## Problem statement
Please return the full listing exactly as written, with the images removed.

## Given information
Segment Open

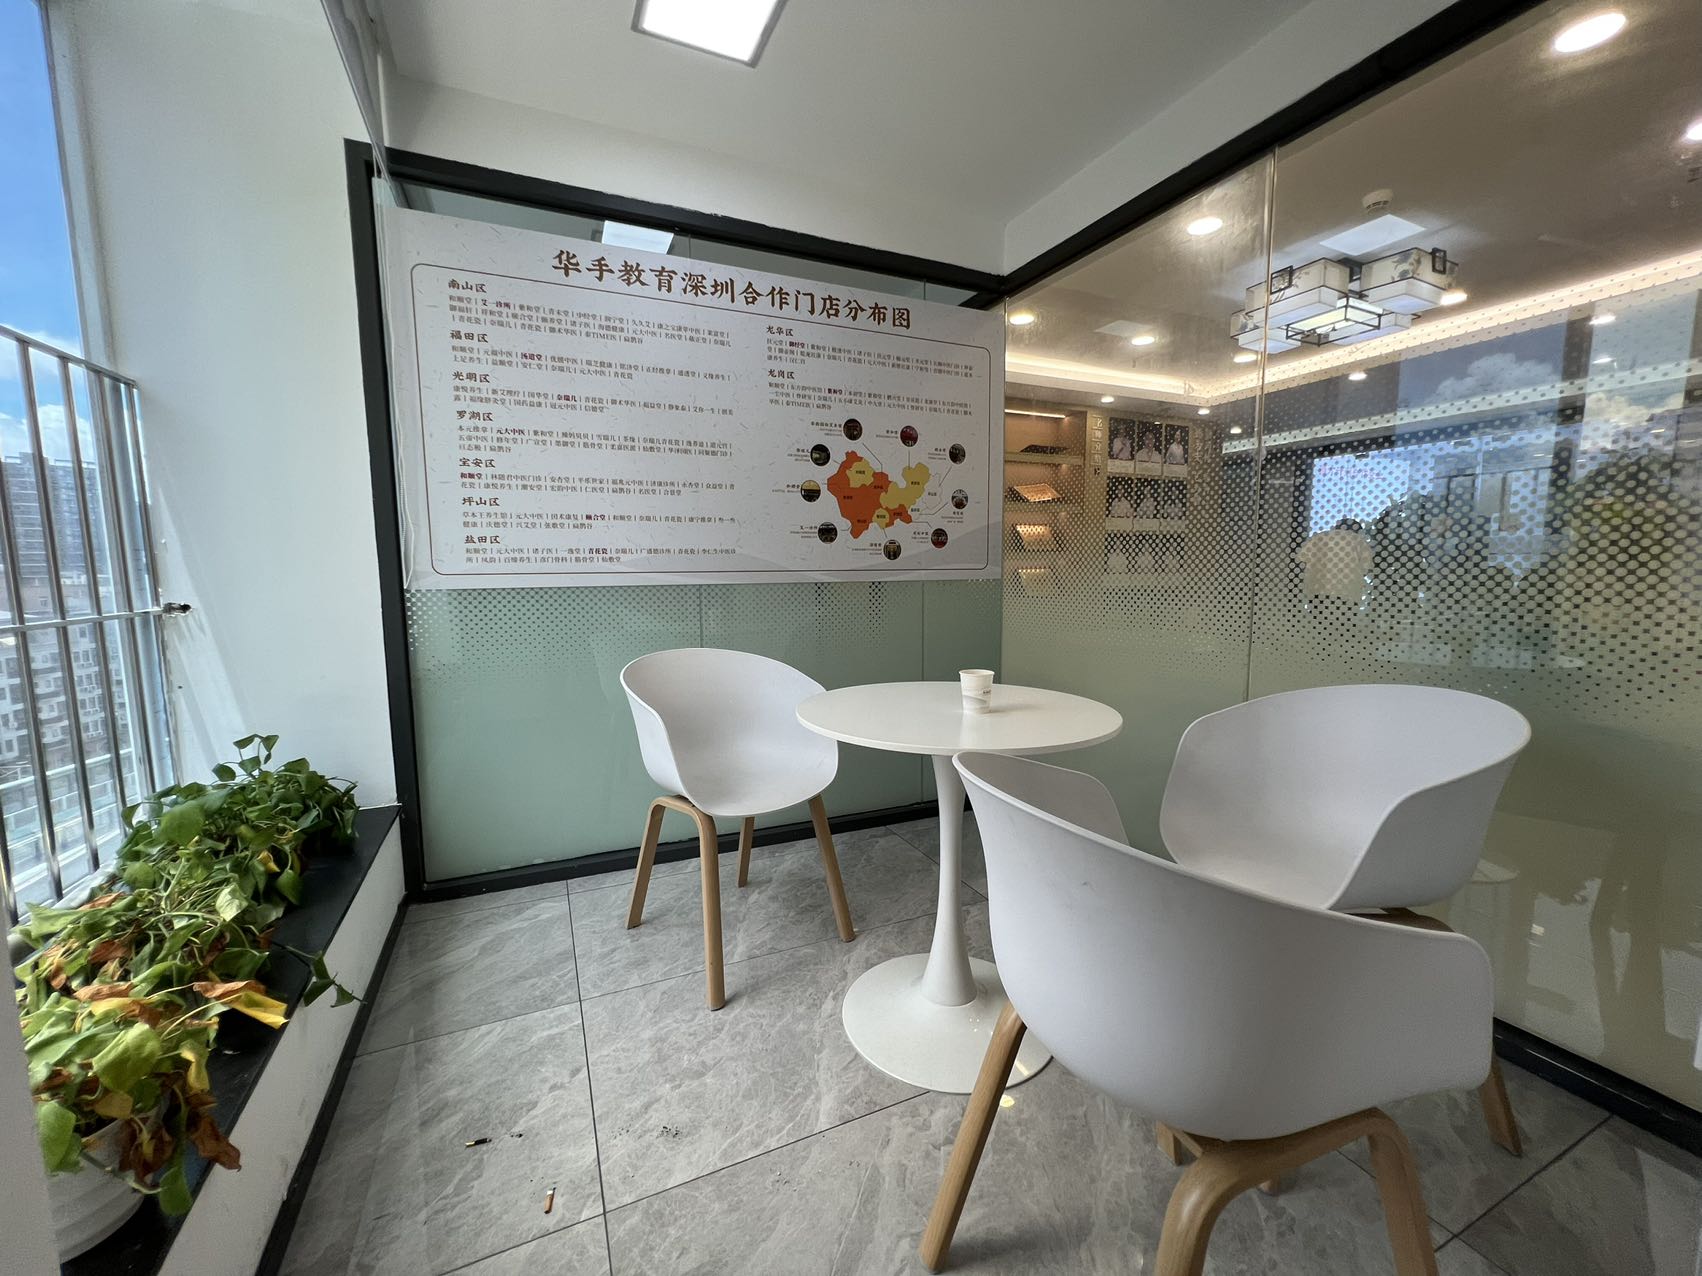 龙华清湖地铁站附近新出一套720平办公室
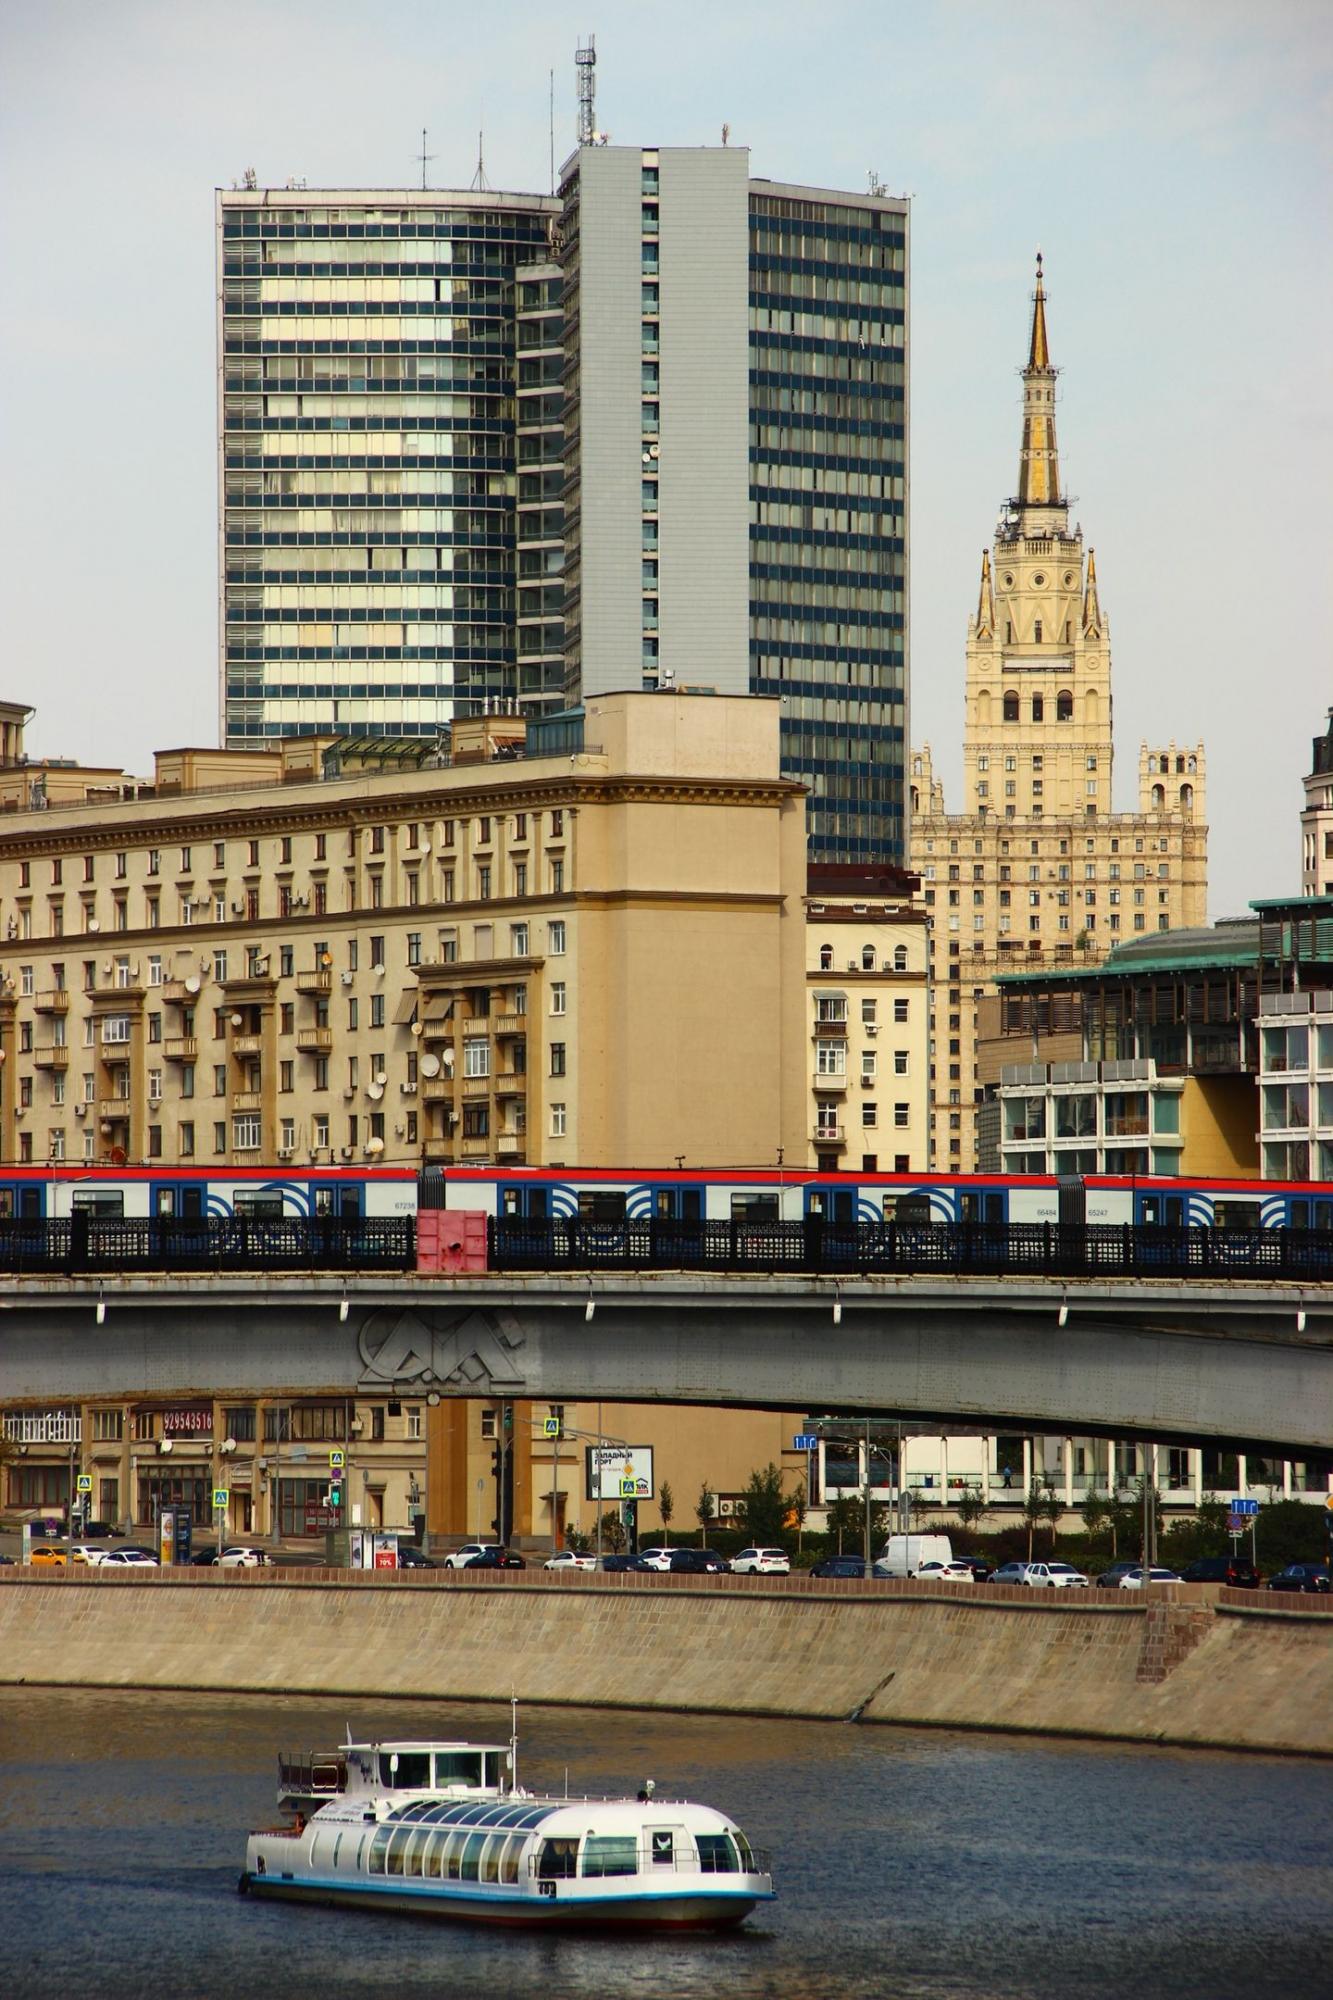 Москва 
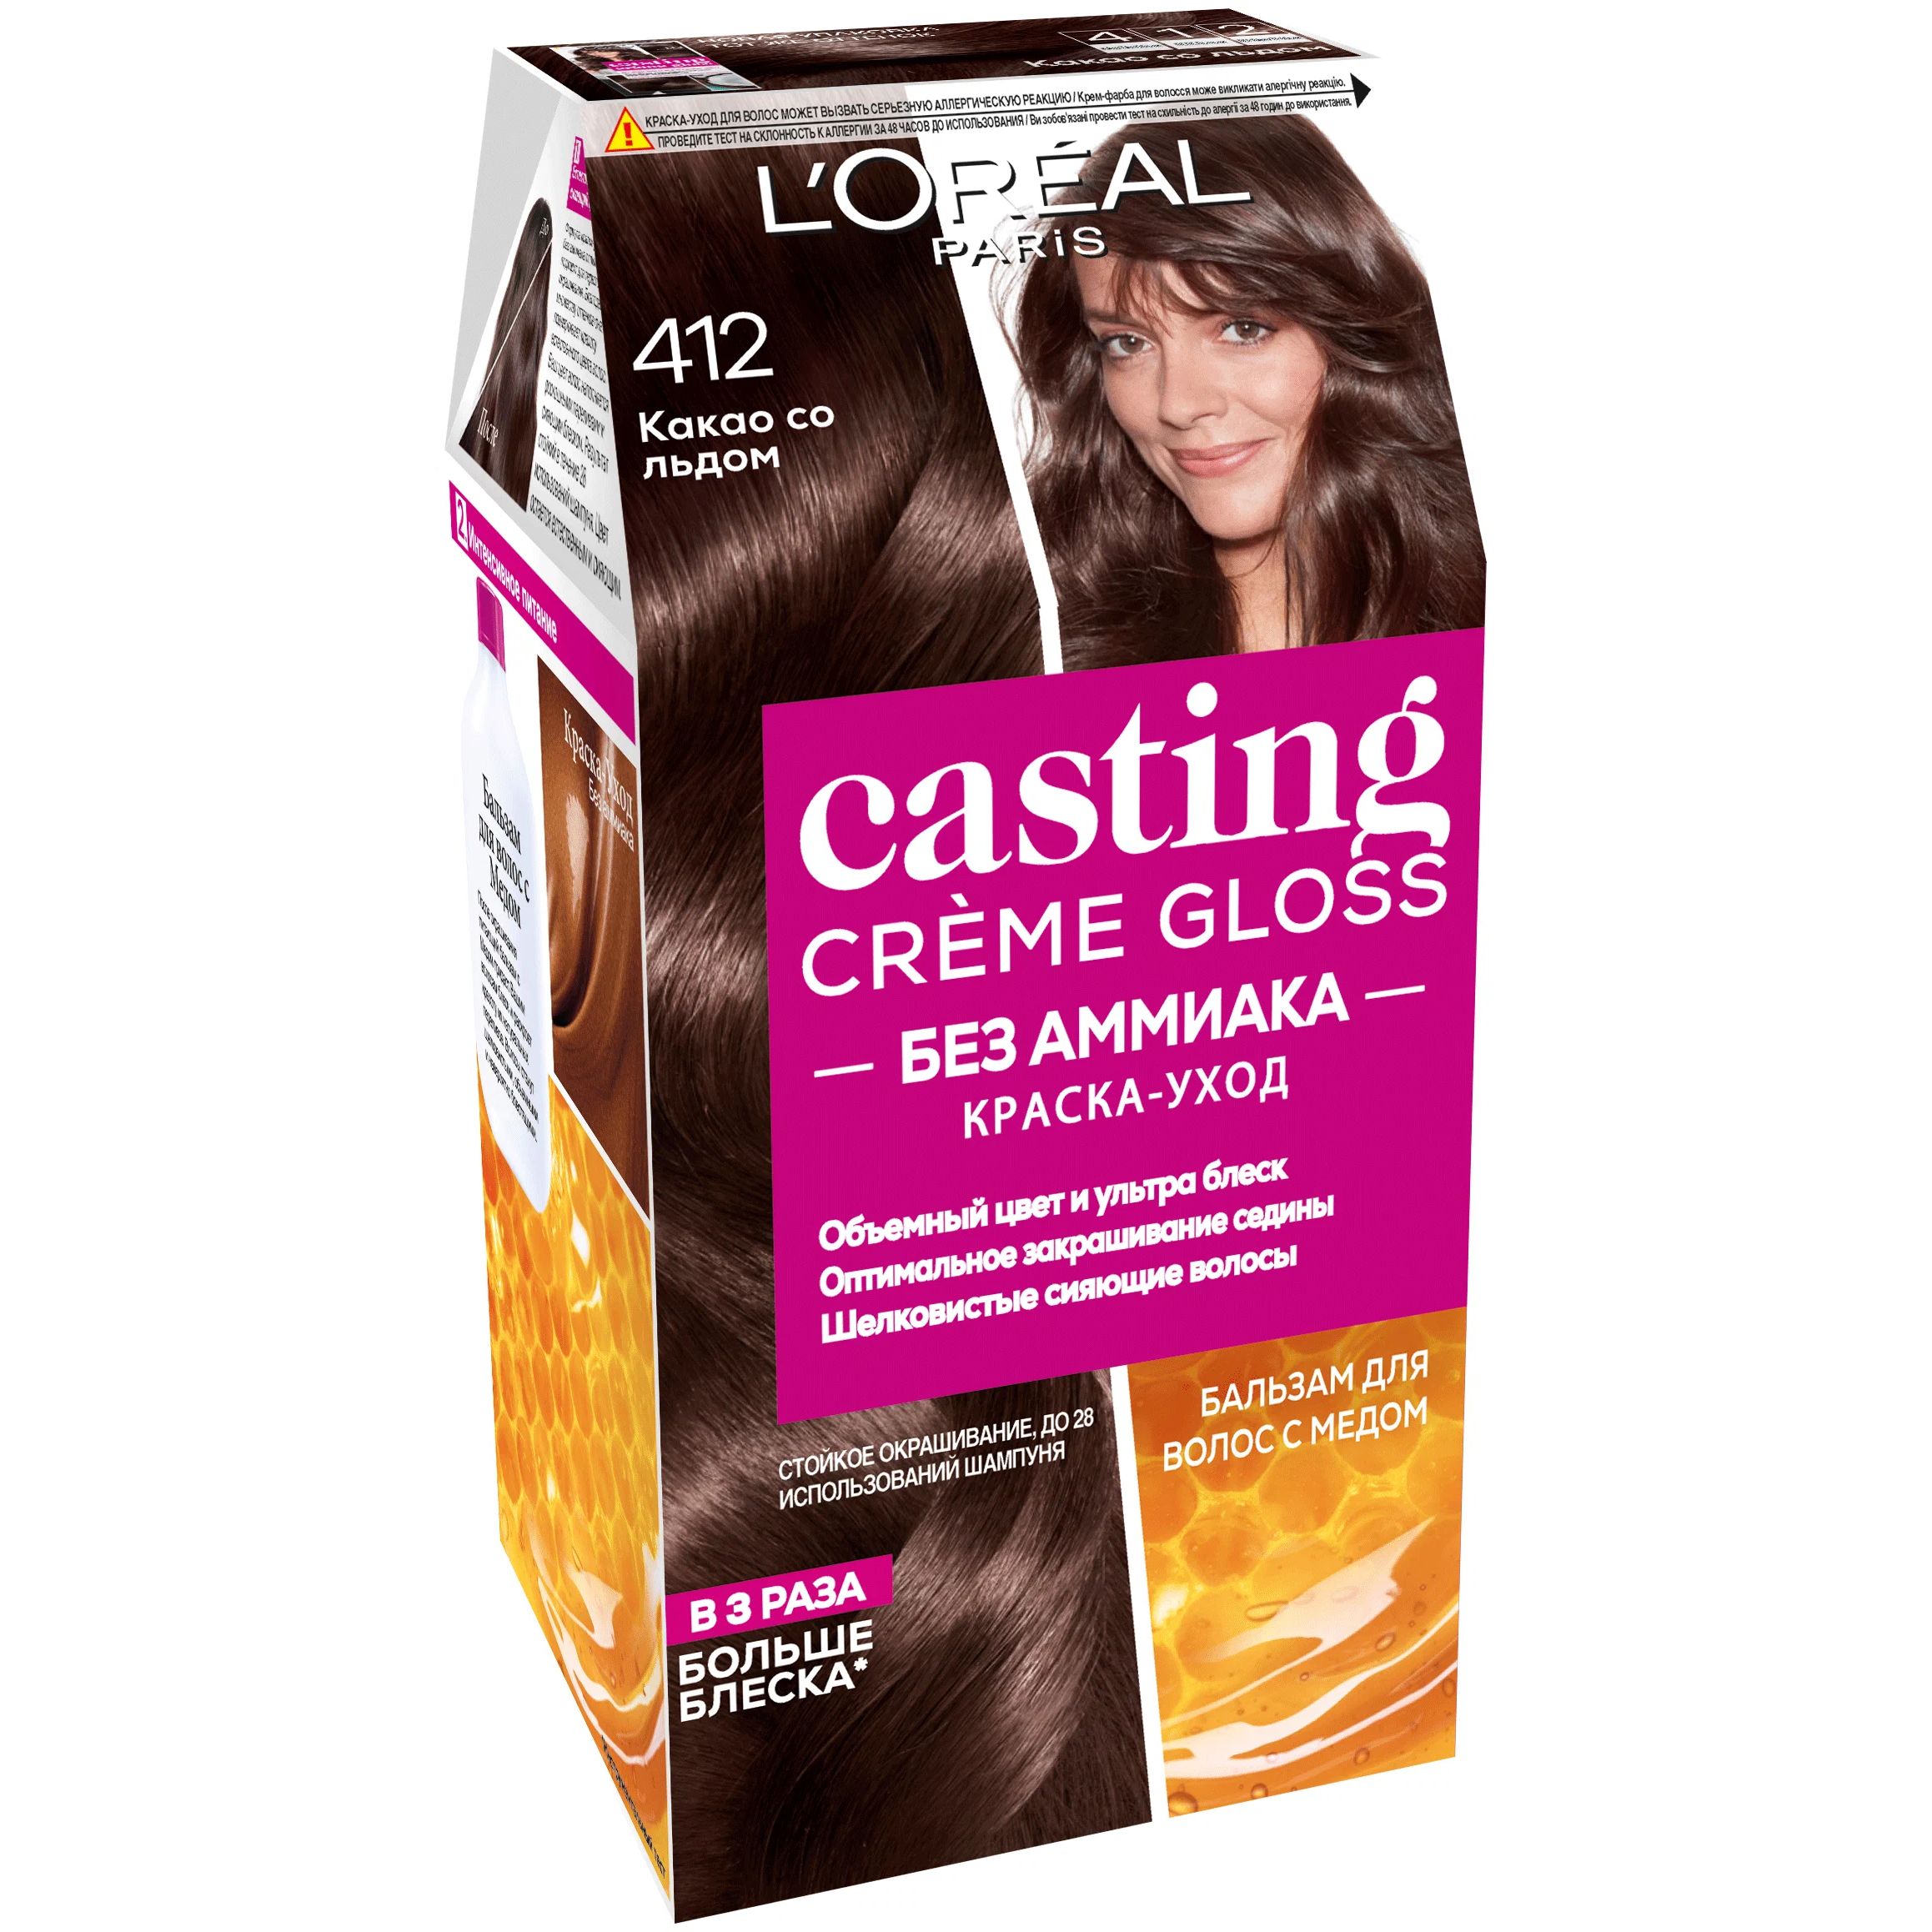 Краска-уход для волос L'Oreal Paris Casting Creme Gloss, 412 какао со льдом, , 180 мл бальзам для волос l oreal paris elseve полное восстановление 5 400 мл

Segment Closed

## Answer space
 龙华清湖地铁站附近新出一套720平办公室
 Москва 
 Краска-уход для волос L'Oreal Paris Casting Creme Gloss, 412 какао со льдом, , 180 мл бальзам для волос l oreal paris elseve полное восстановление 5 400 мл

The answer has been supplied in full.